You are not allowed to roam willy nilly, an easily followed route meanders around the garden and every twenty metres or so a well informed guide will explain and describe the plants around you.
THE GARDEN OF NINFA
The Garden of Ninfa is a landscaped garden in the English style set among the ruins of the medieval town of Ninfa, near Cisterna in Latina, 60 miles south of Rome.
In 1297 the Caetani family acquired the town which in 1381 was sacked and destroyed following the schism between the Antipope Clement VII of Avignon (whom the Caetani's supported) and Pope Urban VI in Rome. Even so, over the following centuries local inhabitants continued to use the churches of the town, the ruins of six of which are still visible. The garden itself was created in 1921 by Ada Bootle Wilbraham, English wife of Onorato Caetani, with the help of two of her sons, Gelasio and Roffredo Caetani.
The garden covers eight hectares and is irrigated by the river Ninfa plus several irrigation streams and is planted with trees, shrubs and plants from all over the world. Near the church of San Giovanni there is an American walnut tree, ornamental apple trees, a red beech, and a Japanese pink-leaved maple tree. Behind the church of Santa Maria Maggiore there is a yellow bignonia and several rose bushes.

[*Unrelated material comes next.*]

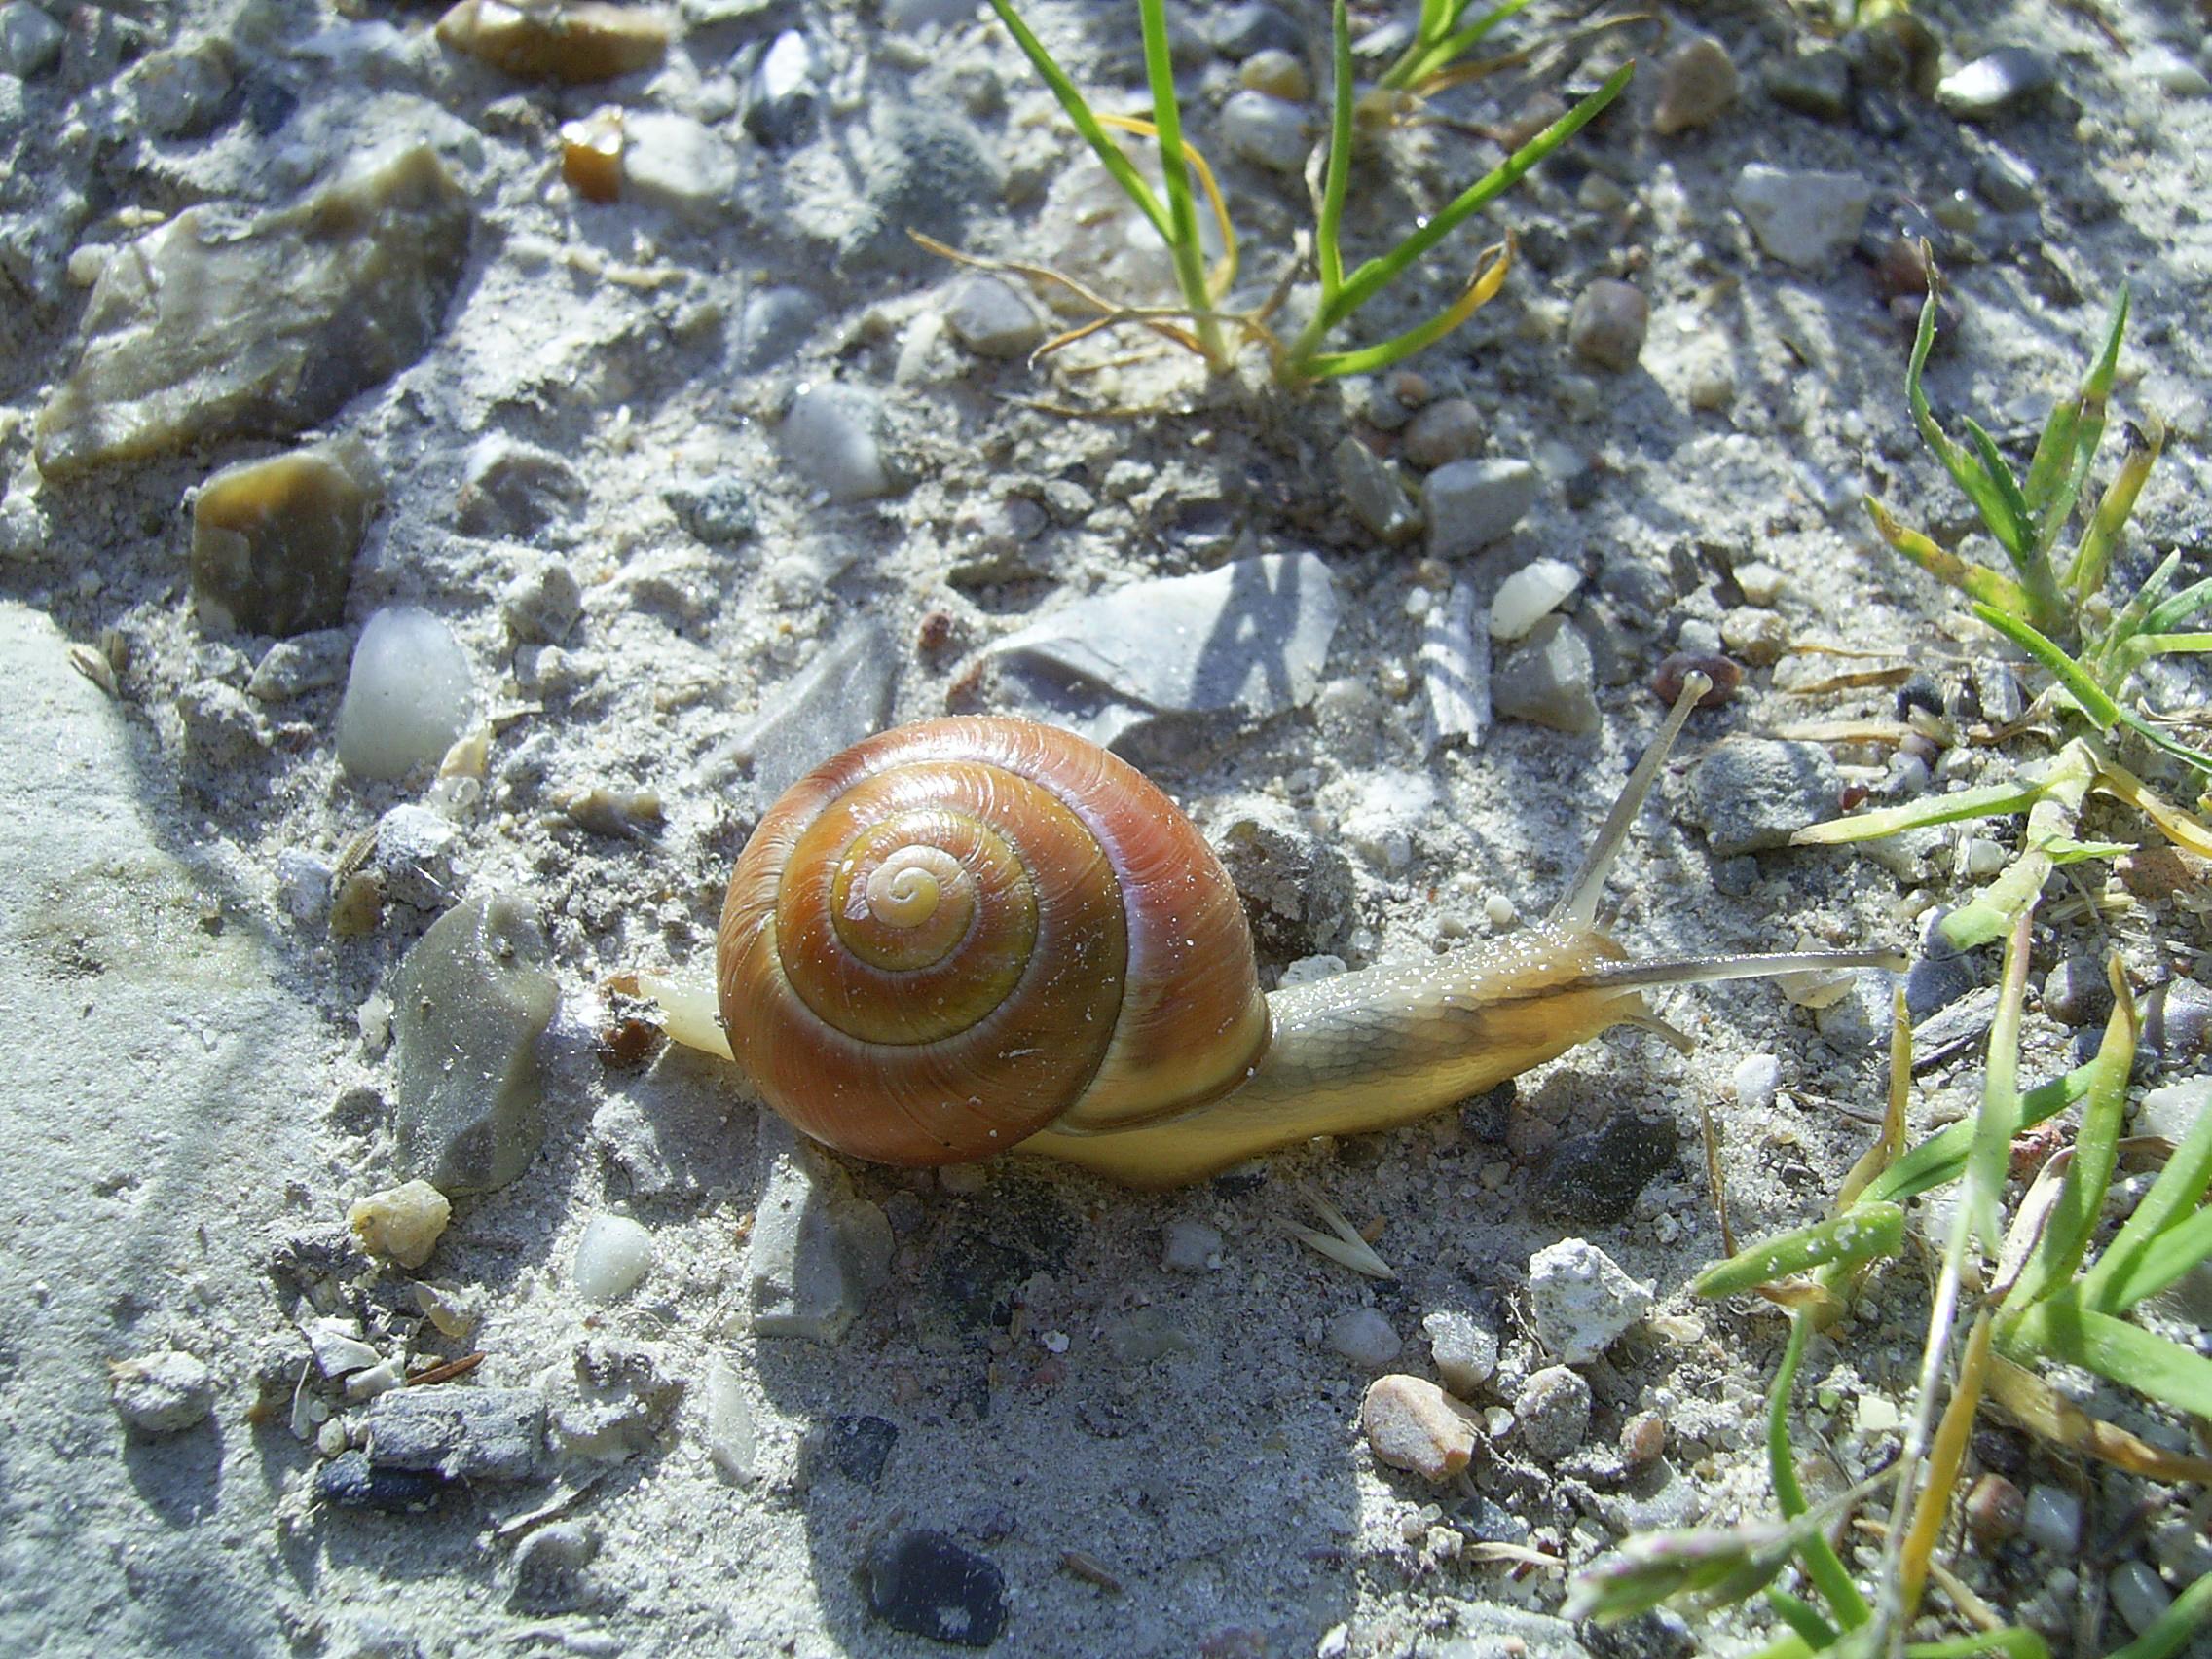 Norwegian snail, Animal, Bspo06, Crawl, Insect, HQ Photo

The cypress avenue is planted with erythrina crista-galli, also known as the cockspur coral tree. In the vicinity of the Roman bridge there are jasmines, wisterias and a plantation of Chinese bamboo. Elsewhere in the garden there are banana trees, papyruses, a cedar and an Australian casuarina tenuissima, a eucalyptus, a star magnolia, climbing hydrangeas, and a liriodendron tulipifera, otherwise known as a tulip tree due to its tulip like flowers.
It is classified as a Regional Natural Monument and has been described by the New York Times as the most beautiful in the world. The Director of the British Royal National Rose Society said of it, "The site is one of sublime romantic beauty, where time seems to stand still".